On Friday, after a brief stop in Città di Castello, we went uphill to Citerna where, as we remembered from before, a grocery store served at outside tables a tagliere, literally a cutting board, filled with excellent cold cuts and a little cup with ravioli with truffle sauce. It was a pleasant time.
On Saturday we didn't do much during the day, in anticipation of a big dinner where we were invited by Moira. Her uncle was my best friend in my middle school days here. Moira and her mother prepared a very full meal, so nice to be with her and her family, and her encouraging me to be active on Facebook basically led me to reconnect with Margaret, so how to measure the importance of that in my life?
We'd thought it best to avoid Gubbio on the day of the Ceri race Thursday, May 15, with the huge crowds that always go there; we went the following Sunday. When I wanted to go to the easy parking area on Piazza 40 Martiri, access was blocked; I went way beyond there, not finding any place to turn around. I eventually got turned around and went to the next choice, the Teatro Romano parking lot, where people were parked in the craziest way and I didn't want to take part. I turned farther away from the town center and eventually found a fine parallel parking spot.
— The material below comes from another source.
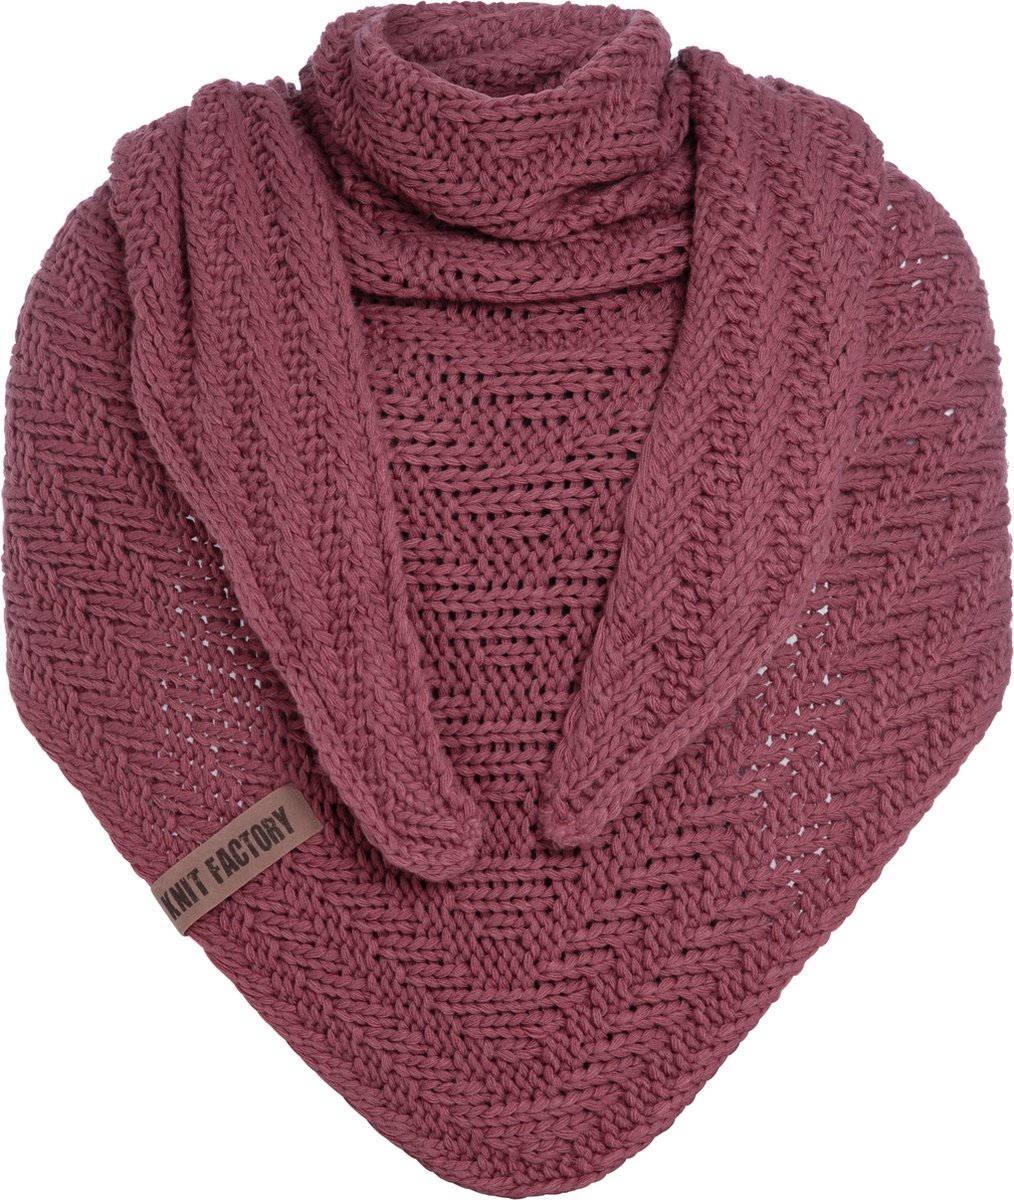 Knit Factory Sally Gebreide Omslagdoek - Driehoek Sjaal Dames - Dames sjaal - Wintersjaal - Stola - Wollen sjaal - Rode sjaal - Stone Red - 220x85 cm - Grof gebreid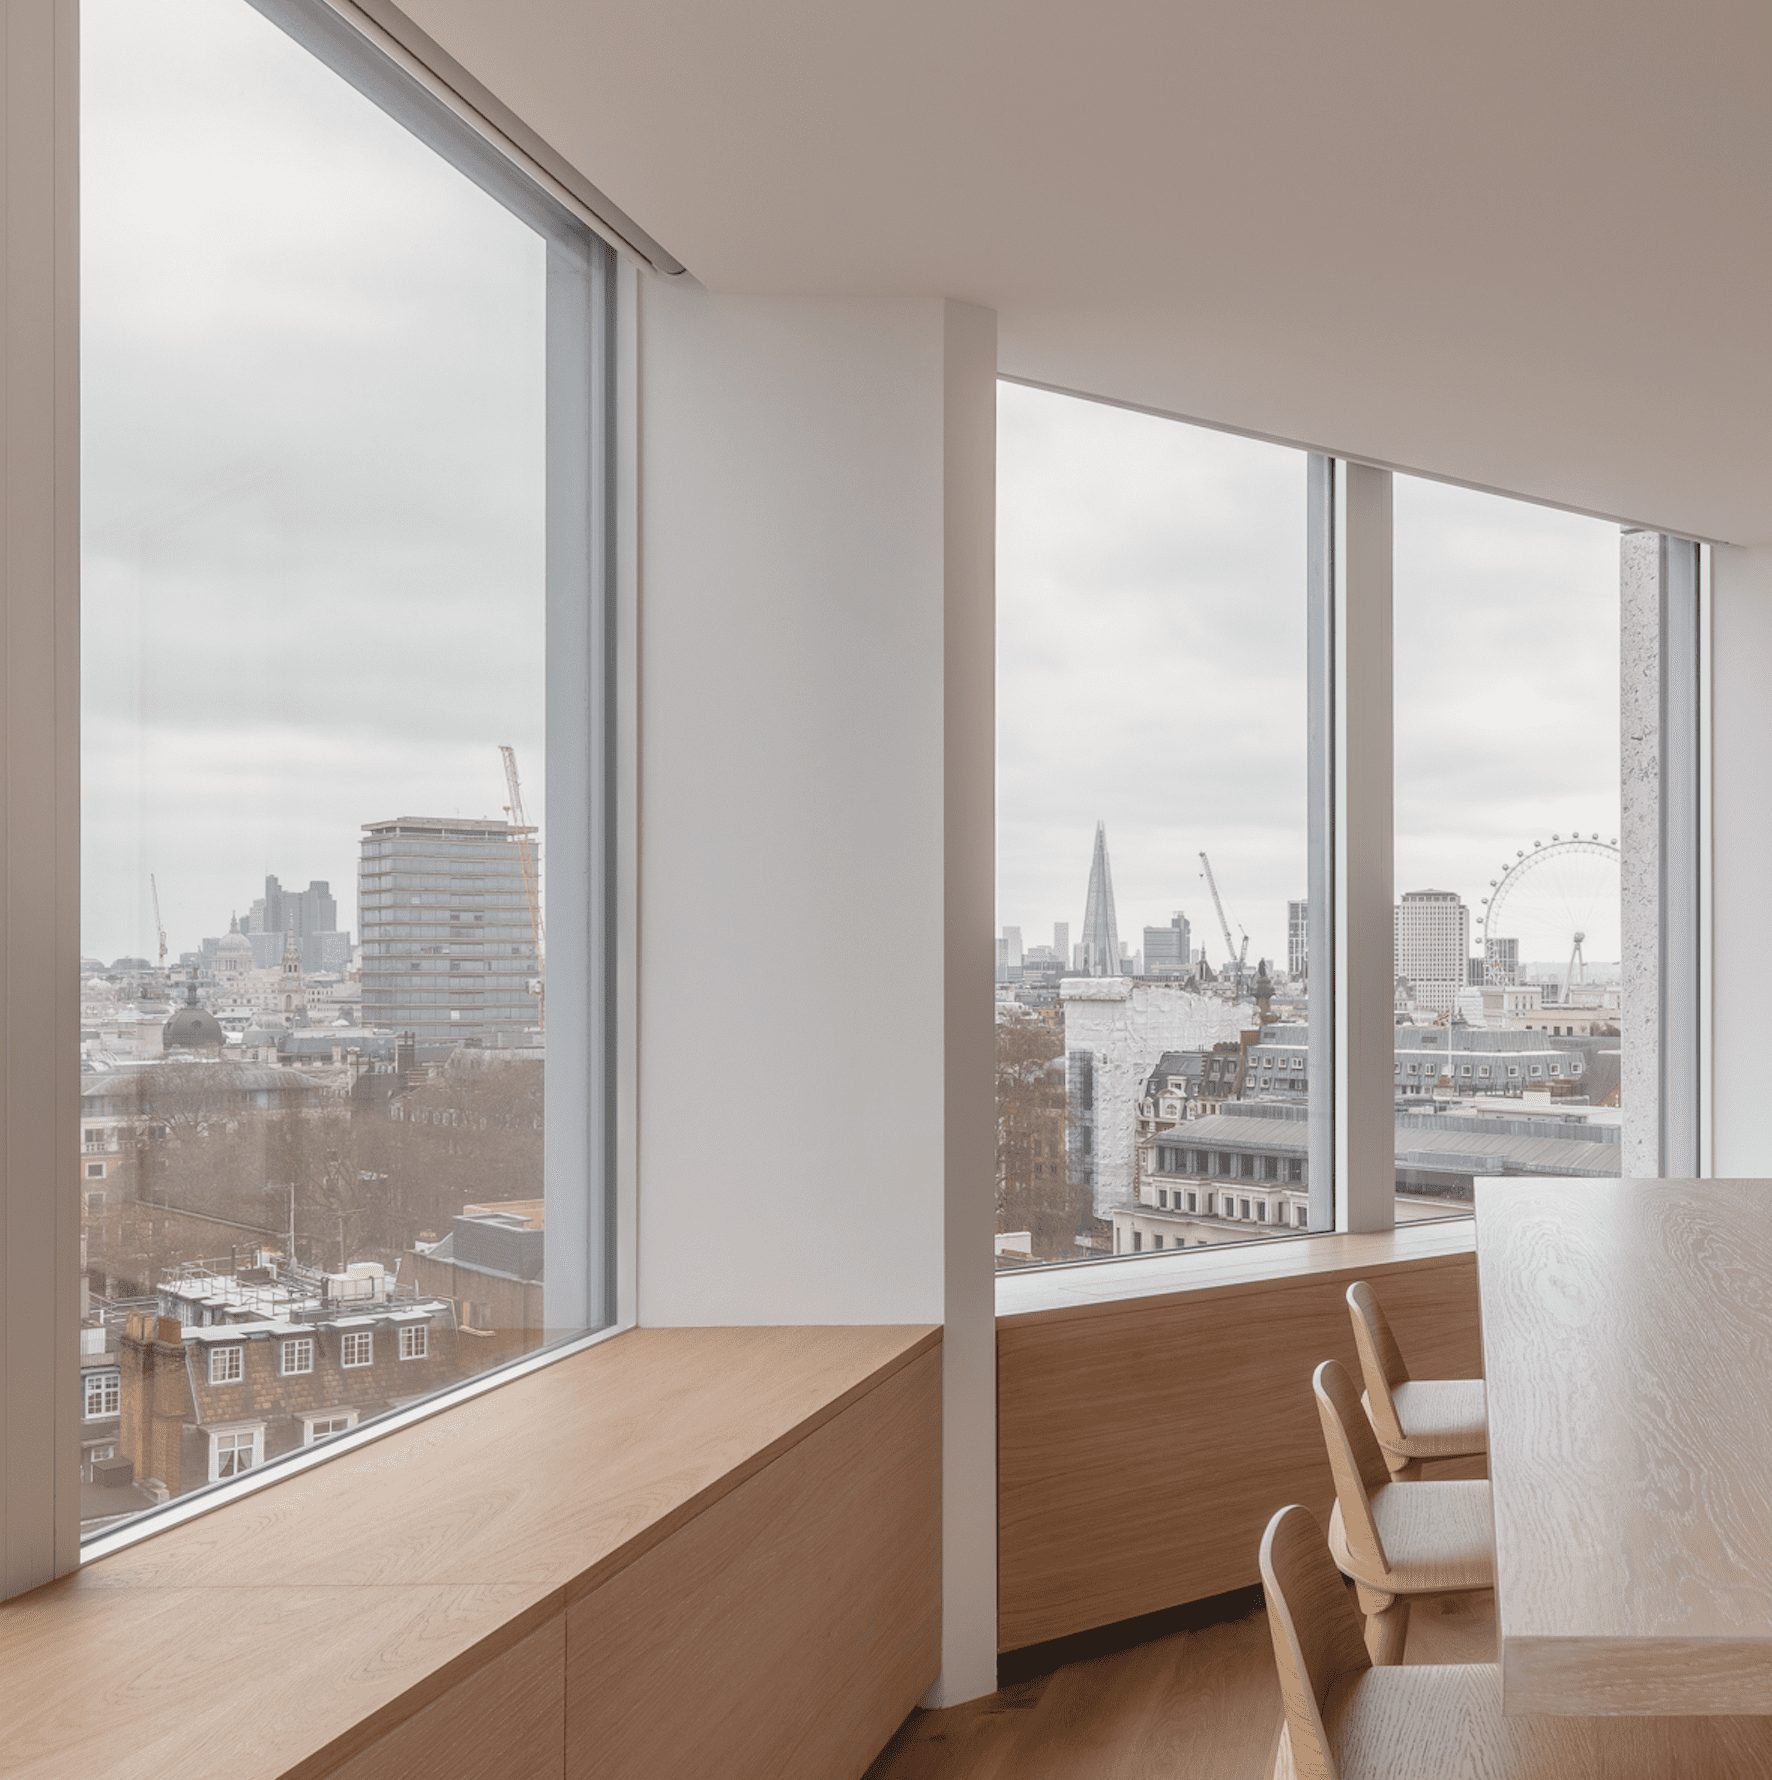 ConForm Architects, London, Smithson Tower, minimalist interior, minimalist office, workspace interiors, office interiors, OnOffice magazine

We found that there were still crowds and activity there, because of the Ceri Mezzani, a version of the Ceri race for youth (mostly teenagers, I think). Many youth were decked out in the colors of their teams, and we found people out there running around with smaller versions of these Ceri. We went to Taverna del Lupo, a longtime favorite restaurant of my family's, where the truffled lasagne dish now had the title of sfogliatine. Then a climb to Piazza Grande; taking the gradual street downhill, there was a table set up in the middle of the street, where wine was freely given to us.
On Monday, Margaret wasn't feeling well, and it was time for Lisa and Dawn to move on to Spello. I drove them, and it gets confusing where one winds up when driving there. We wound up on the central piazza, and figured out where we were to go to pick up the keys at a bar for their rental apartment. When we got there, the bar-restaurant was closed on Monday, and there was no reply at the two phone numbers listed for the agency. We were puzzling over what to do, and I went into the restaurant up the street, with the door open but well before serving time. I asked the lady there, who was familiar with the agency, and found the owner's mother, who had the keys and let them in, a happy resolution to a potential problem. So we've had interesting times.
Such beautiful photos! Sounds like an amazing (and delicious) trip.